Perform Exploratory Data Analysis (EDA) Using Code Notebooks¶
Sometimes it’s difficult to spot broader patterns in the data without doing a time-consuming deep dive. Dataiku DSS provides the tools for understanding data at a glance using advanced exploratory data analysis (EDA).
This section will cover code notebooks in Dataiku DSS and how they provide the flexibility of performing exploratory and experimental work using programming languages such as SQL, SparkSQL, Python, R, Scala, Hive, and Impala in Dataiku DSS.
Tip
In addition to using a Jupyter notebook, Dataiku DSS offers integrations with other popular Integrated Development Environments (IDEs) such as Visual Studio Code, PyCharm, Sublime Text 3, and RStudio.
Use a Predefined Code Notebook to Perform EDA¶
Open the customers_web_joined dataset to explore it.
Notice that the training and testing data are combined in this dataset, with missing revenue values for the “testing” data. We’ll be interested in predicting whether the customers in the “testing” data are high-value or not, based on their revenue.
Let’s perform some statistical analysis on the customers_web_joined dataset by using a predefined Python notebook.
Return to the Flow.
In the Data preparation Flow Zone, click the customers_web_joined dataset once to select it, then click the left arrow at the top right corner of the page to open the right panel.

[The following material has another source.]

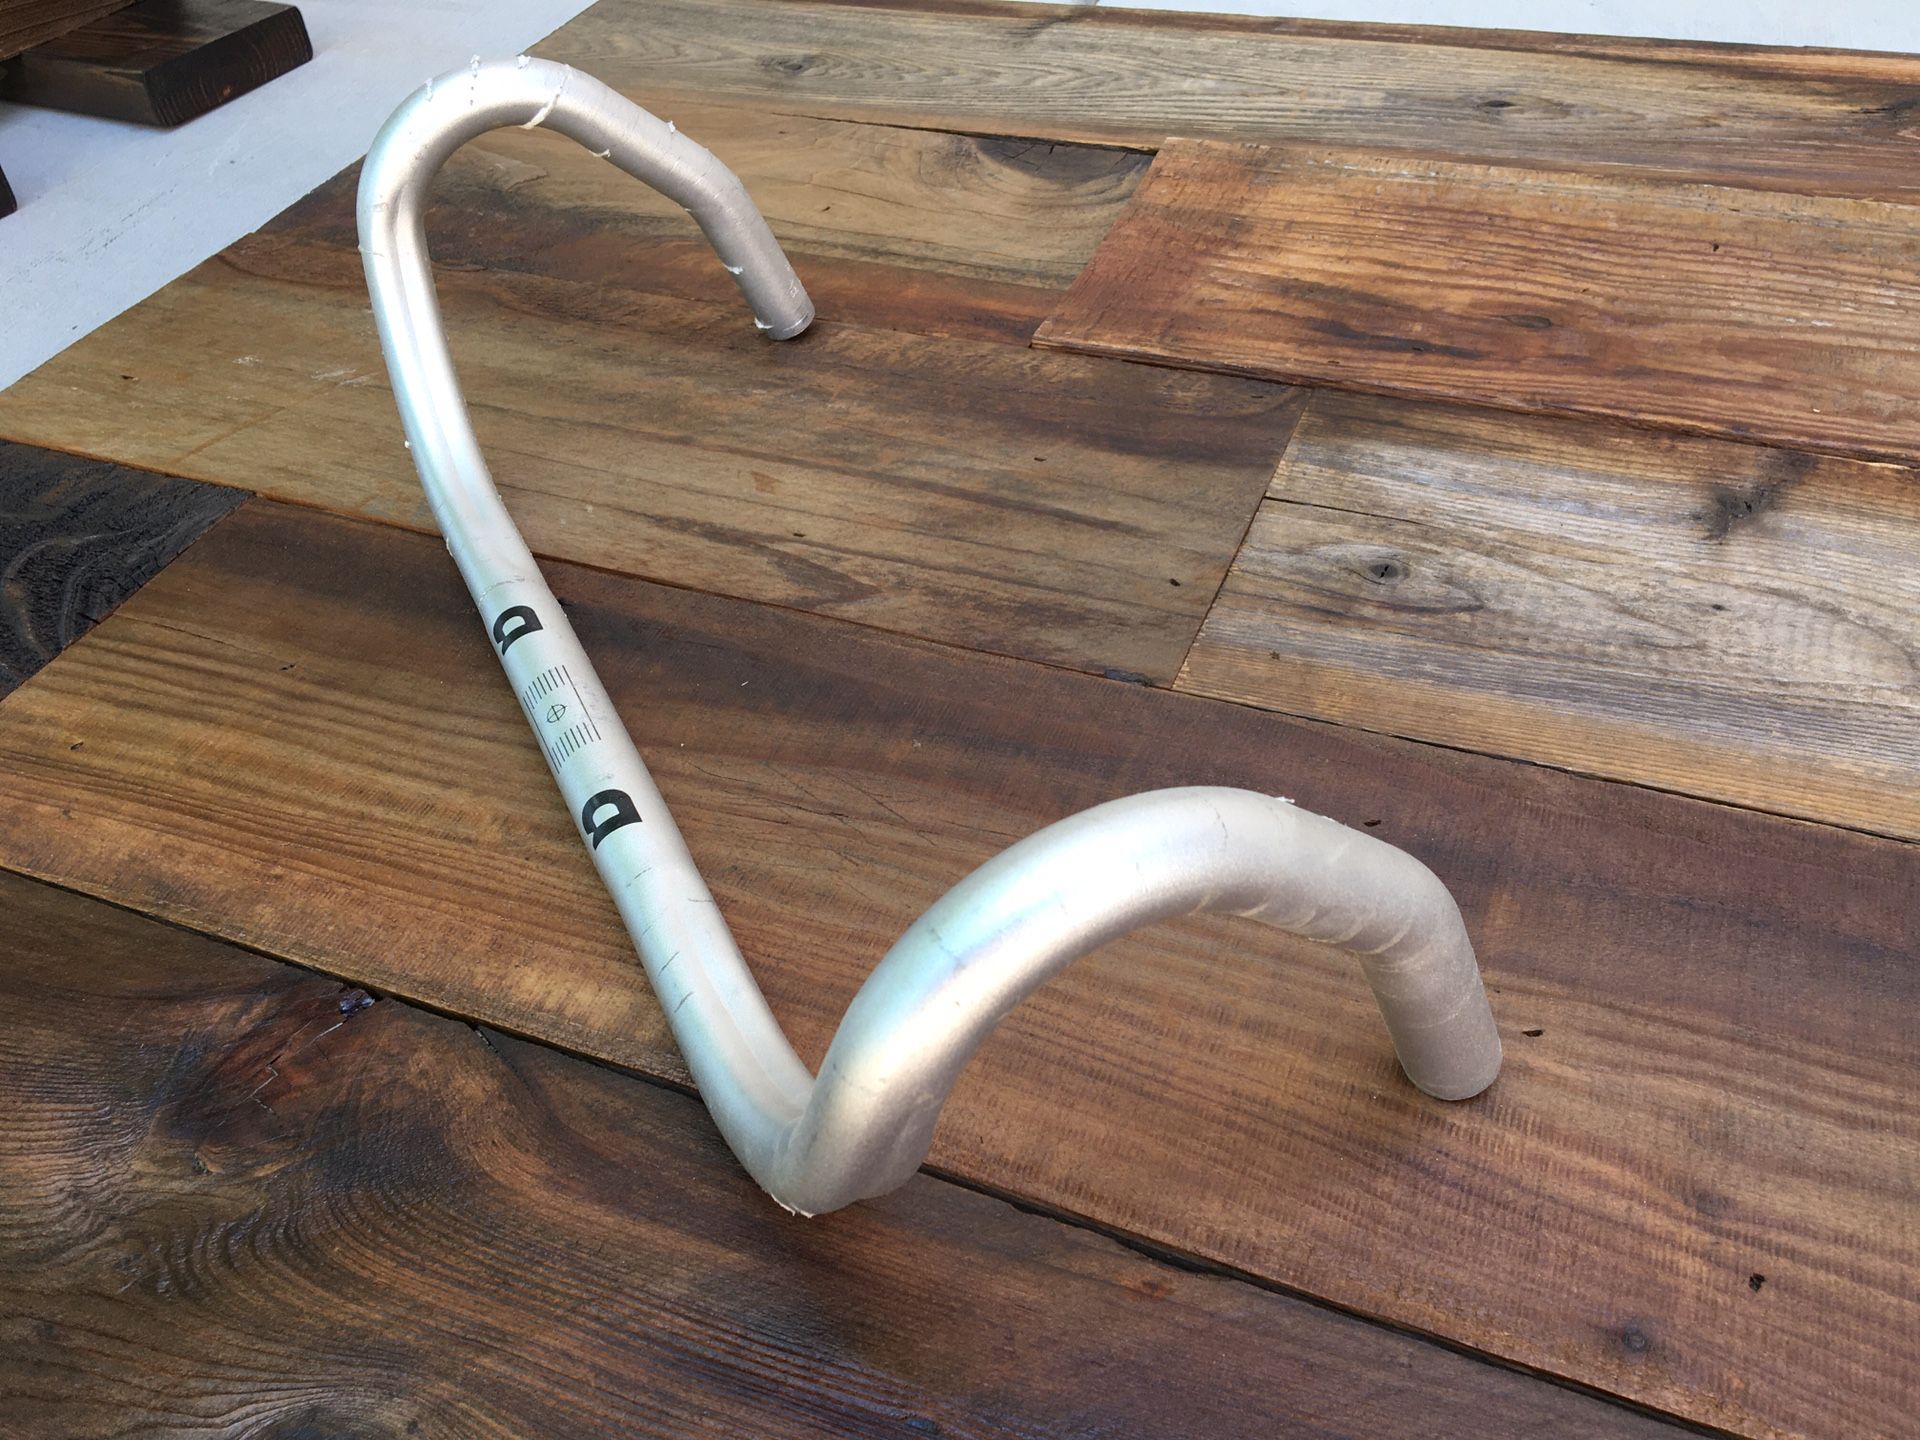 Road bike handlebars, 22mm clamp

Click Lab to view available actions.
In the “Code Notebooks” section, select Predefined template.
In the “New Notebook” window, select Statistics and tests on a single population.
Rename the notebook to “statistical analysis of customers_web_joined” and click Create.
Dataiku DSS opens up a Jupyter notebook that is prepopulated with code for statistical analysis.
Warning
The predefined Python notebooks in Dataiku DSS are written in Python 2. If your notebook’s kernel uses Python 3, you’ll have to modify the code in the notebook to be compatible with Python 3. Alternatively, if you have a code environment on your instance that uses Python 2, feel free to change the notebook’s kernel to use the Python 2 environment.
Note
Dataiku DSS allows you to create an arbitrary number of Code environments to address managing dependencies and versions when writing code in R and Python. Code environments in Dataiku DSS are similar to the Python virtual environments. In each location where you can run Python or R code (e.g., code recipes, notebooks, and when performing visual machine learning/deep learning) in your project, you can select which code environment to use.
See Setting a Code Environment for details on how to set up Python and R environments and use them in Dataiku DSS objects.
In this notebook, we’ll make the following code modifications:
Go to the “Preprocessing of the data“ section in the notebook and specify the revenue column to be used for the analysis.
Instead of imputing missing values for revenue, drop the rows for which revenue is empty (that is, drop the “testing” data rows).
Enclose all the
print
statements in the notebook in parenthesis for compatibility with Python 3.
The following figure shows these changes for the “Preprocessing of the data“ section in the notebook.
You can make these code modifications in your code notebook, or you can select the pre-made final_statistical analysis of customers_web_joined notebook to see the final result of performing these modifications. To find the pre-made notebook:
Click the code icon (</>) in the top navigation bar to open up the “Notebooks” page that lists all the notebooks in your project.
Tip
You can also create notebooks directly from the Notebooks page by using the + New Notebook button.
Click to open the final_statistical analysis of customers_web_joined notebook.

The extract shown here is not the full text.